Lebesgue measure of $\{ u \ge \epsilon\}$

Question

Let $$u(x) := \sum_{n=1}^\infty \frac{1}{n^2(n+1)} 1_{(n,2n]}(x),$$ and show that for any $\epsilon > 0$, $\lambda(\{x \ | \ u(x) \ge \epsilon \}) \le 1/\epsilon$.

Any suggestions?

Answer 1

Assuming that $x$ is positive and large, $$ u(x) = \sum_{\substack{n\geq\frac{x}{2}\\ n<x}}\frac{1}{n^2(n+1)}\approx \int_{x/2}^{x}\frac{dz}{z^2(z+1)}=\frac{1}{x}+\log(1+x)-\log(2+x)\approx\frac{3}{2x^2}. $$ Moreover, $u(x)$ is non-negative and Lebesgue integrable over $\mathbb{R}^+$. Since: $$ \int_{0}^{+\infty}u(x)\,dx = \sum_{n\geq 1}\frac{1}{n(n+1)} = \sum_{n\geq 1}\left(\frac{1}{n}-\frac{1}{n+1}\right)= 1 $$ your bound follows from Markov's inequality.
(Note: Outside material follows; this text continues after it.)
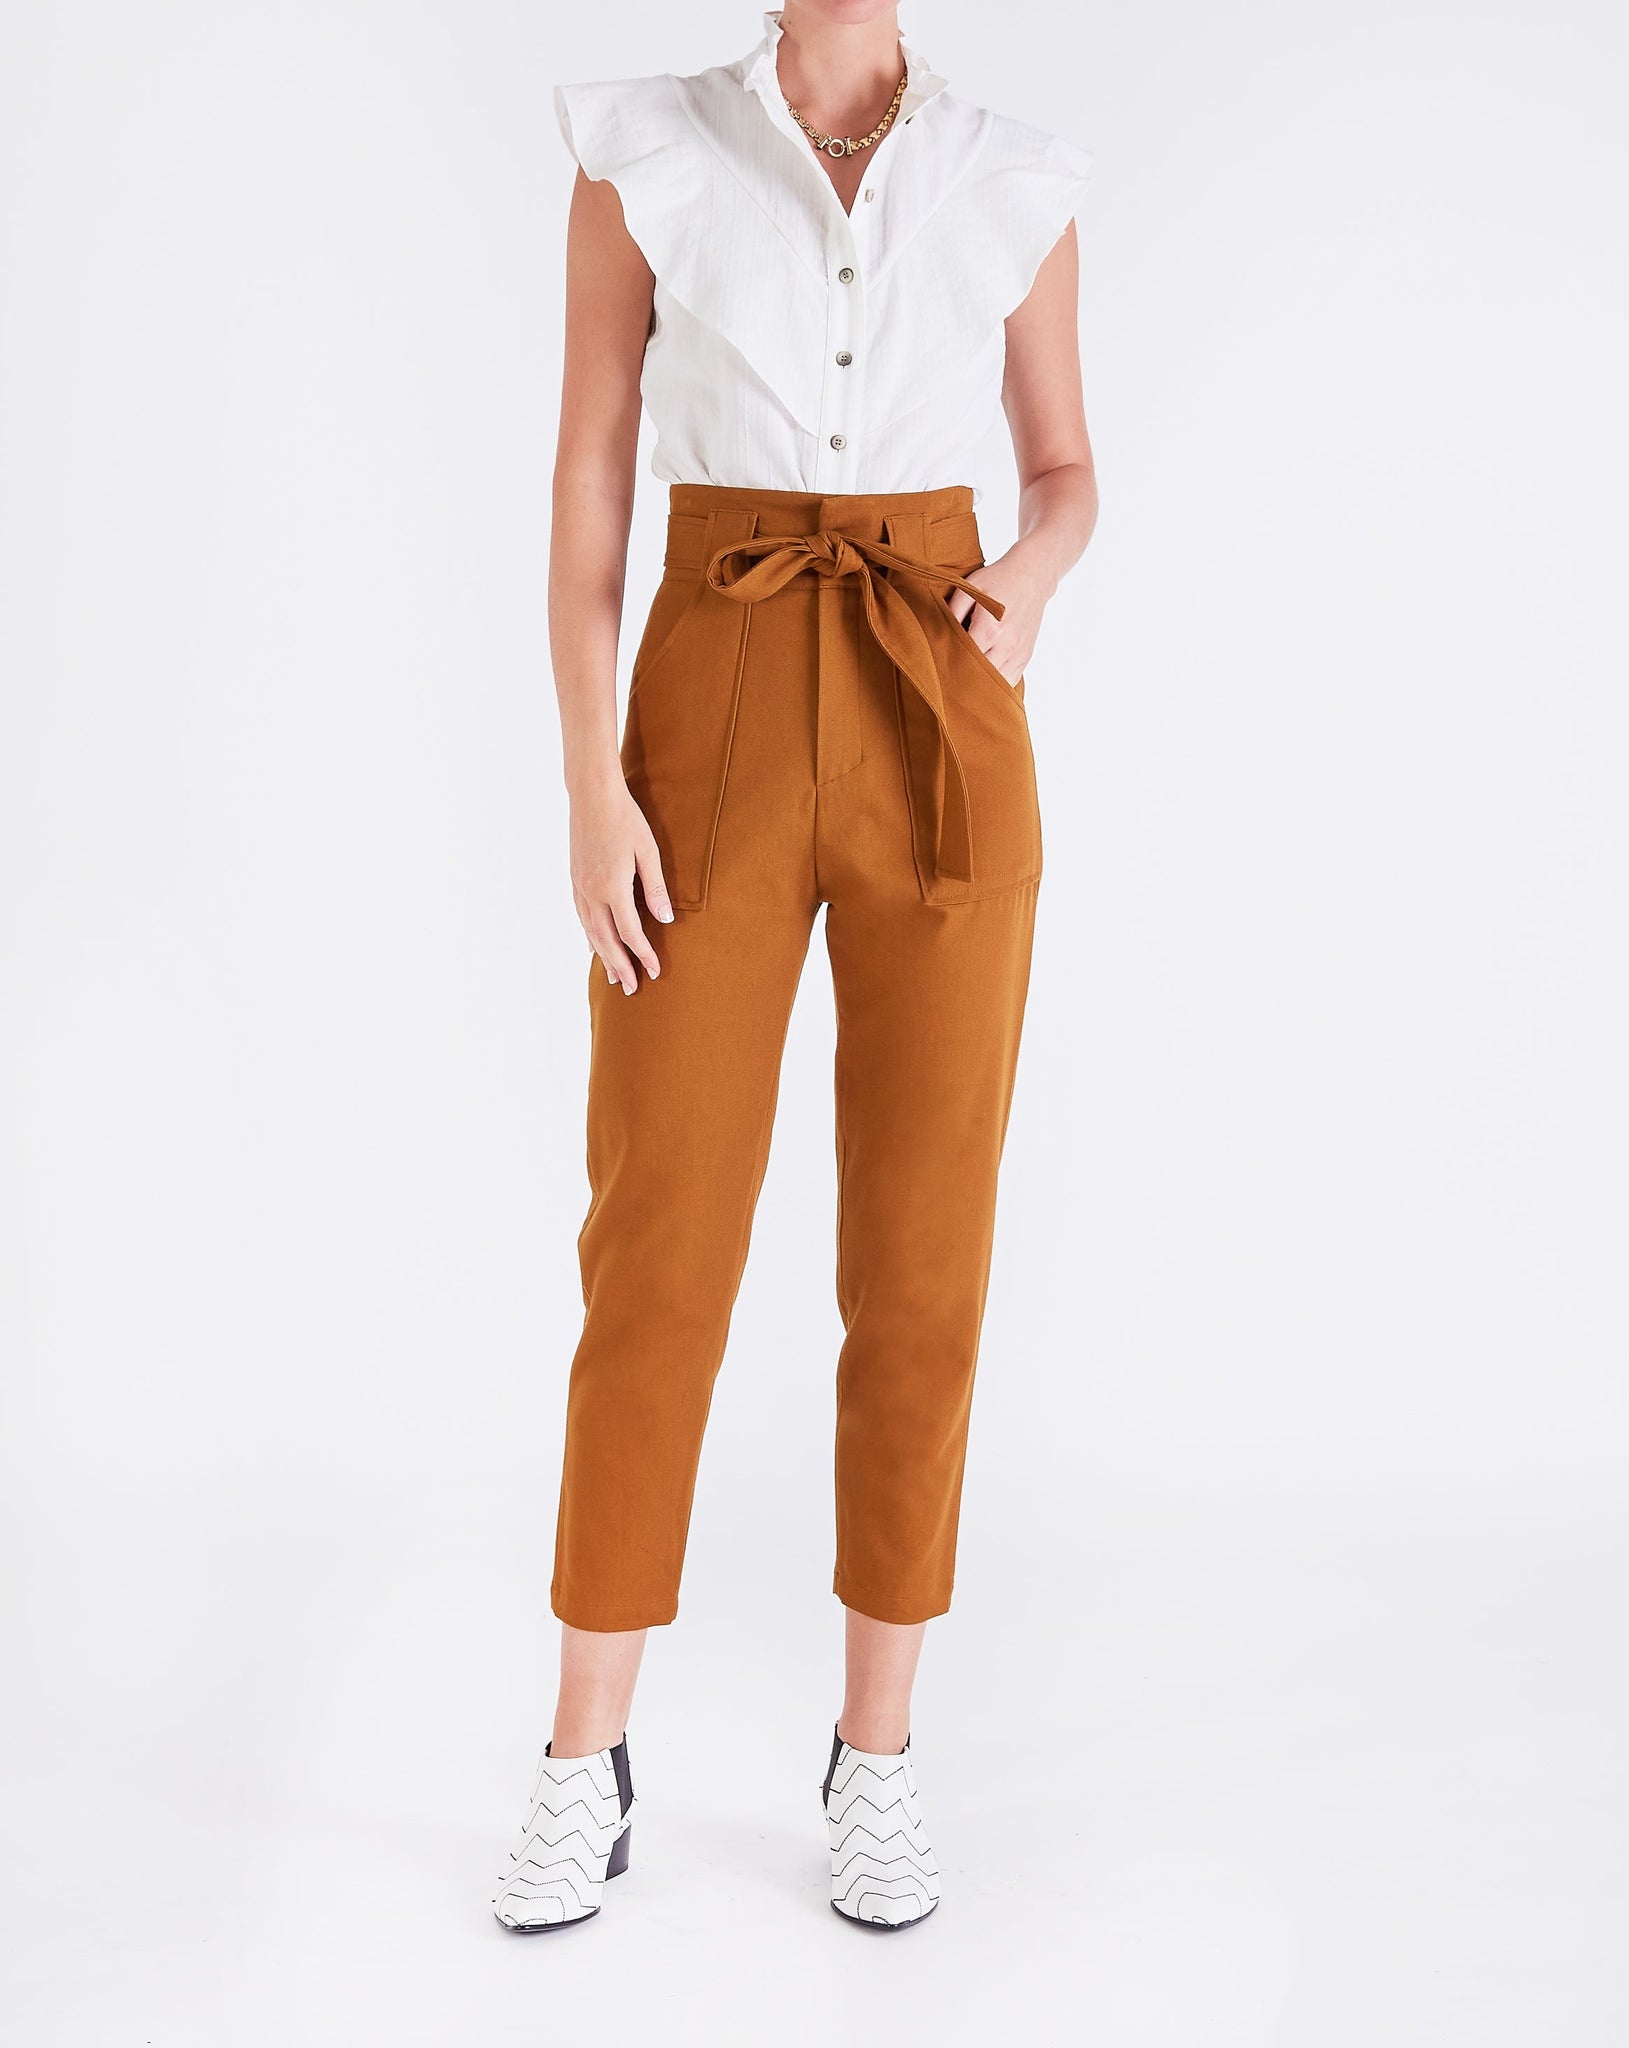 Val UTILITY BELTED PEG TROUSERS - GOLDEN BROWN
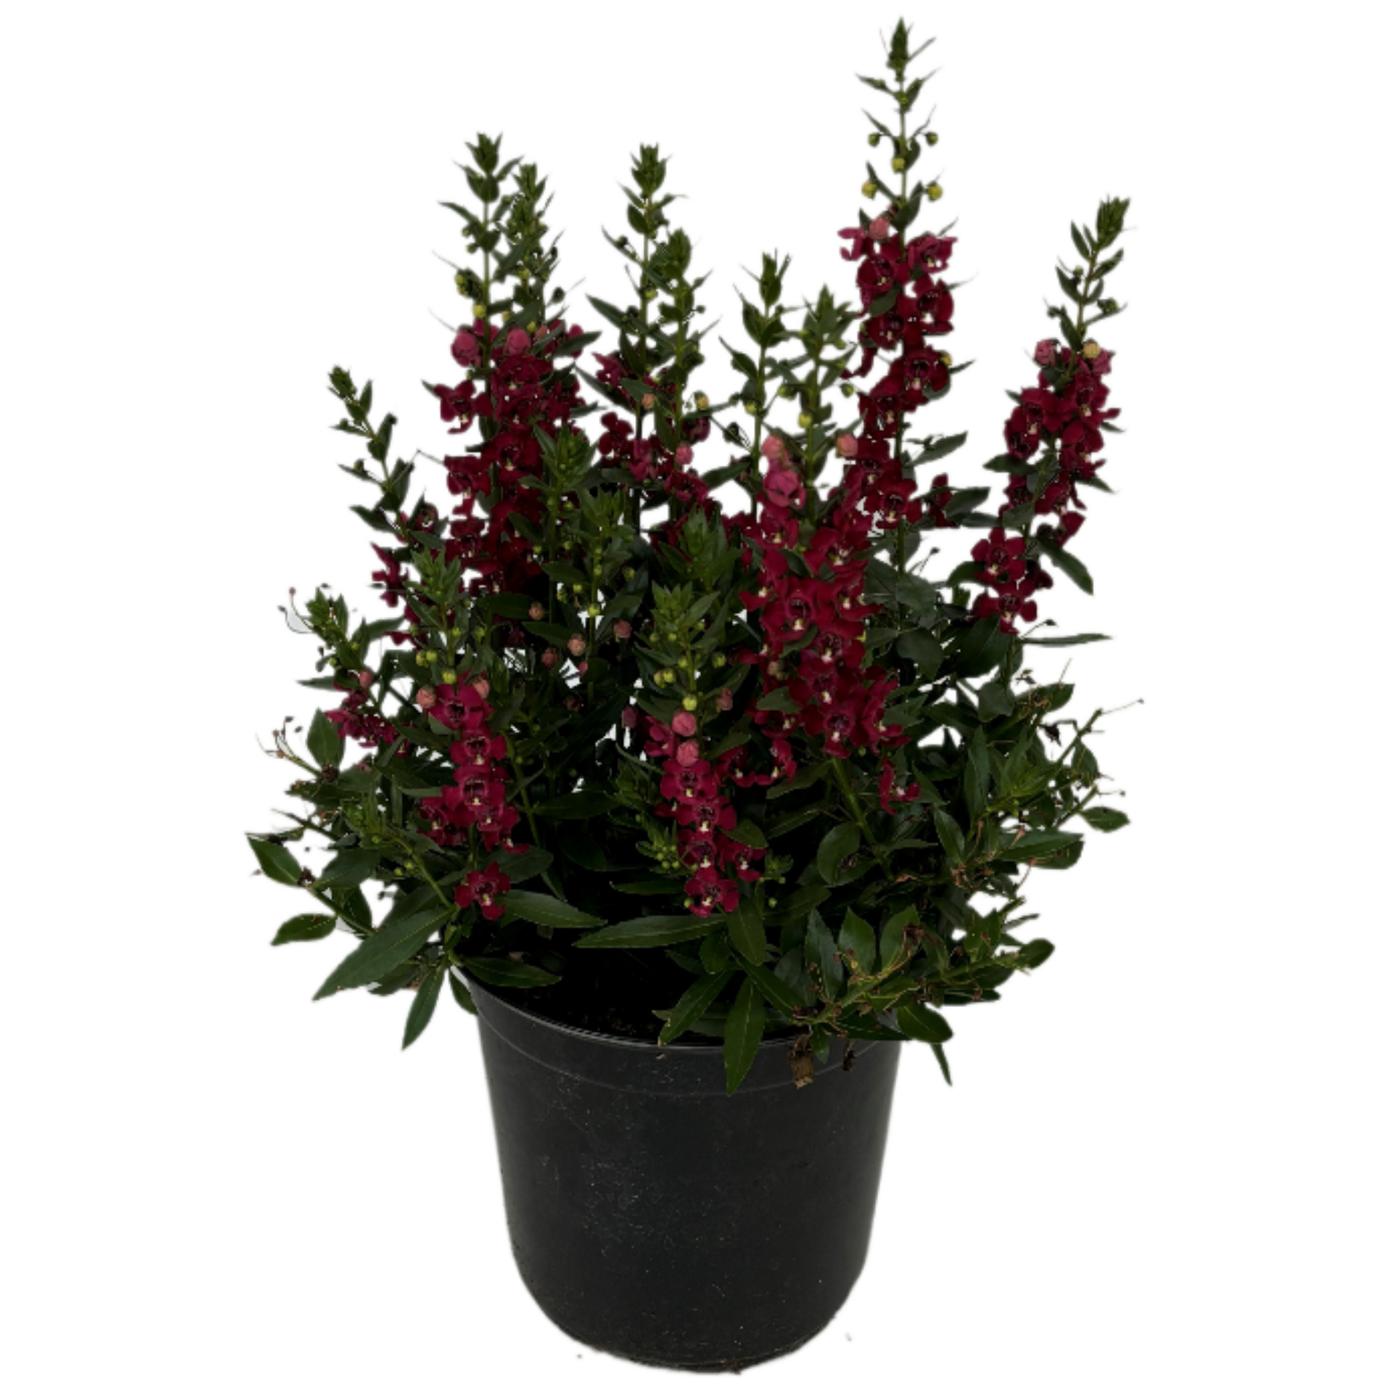 H-E-B Texas Roots Ruby Sangria Angelonia ; image 1 of 2

We may also compute:

$$ \|u\|_{L^2(\mathbb{R}^+)}^2=\sum_{n\geq 1}\frac{1}{n^3(n+1)^2}+2\sum_{n=1}^{+\infty}\sum_{\substack{m<n\\ m\geq\frac{n}{2}}}\frac{2m-n}{n^2 m^2(n+1)(m+1)}$$ and get a slightly better bound from Chebyshev's inequality.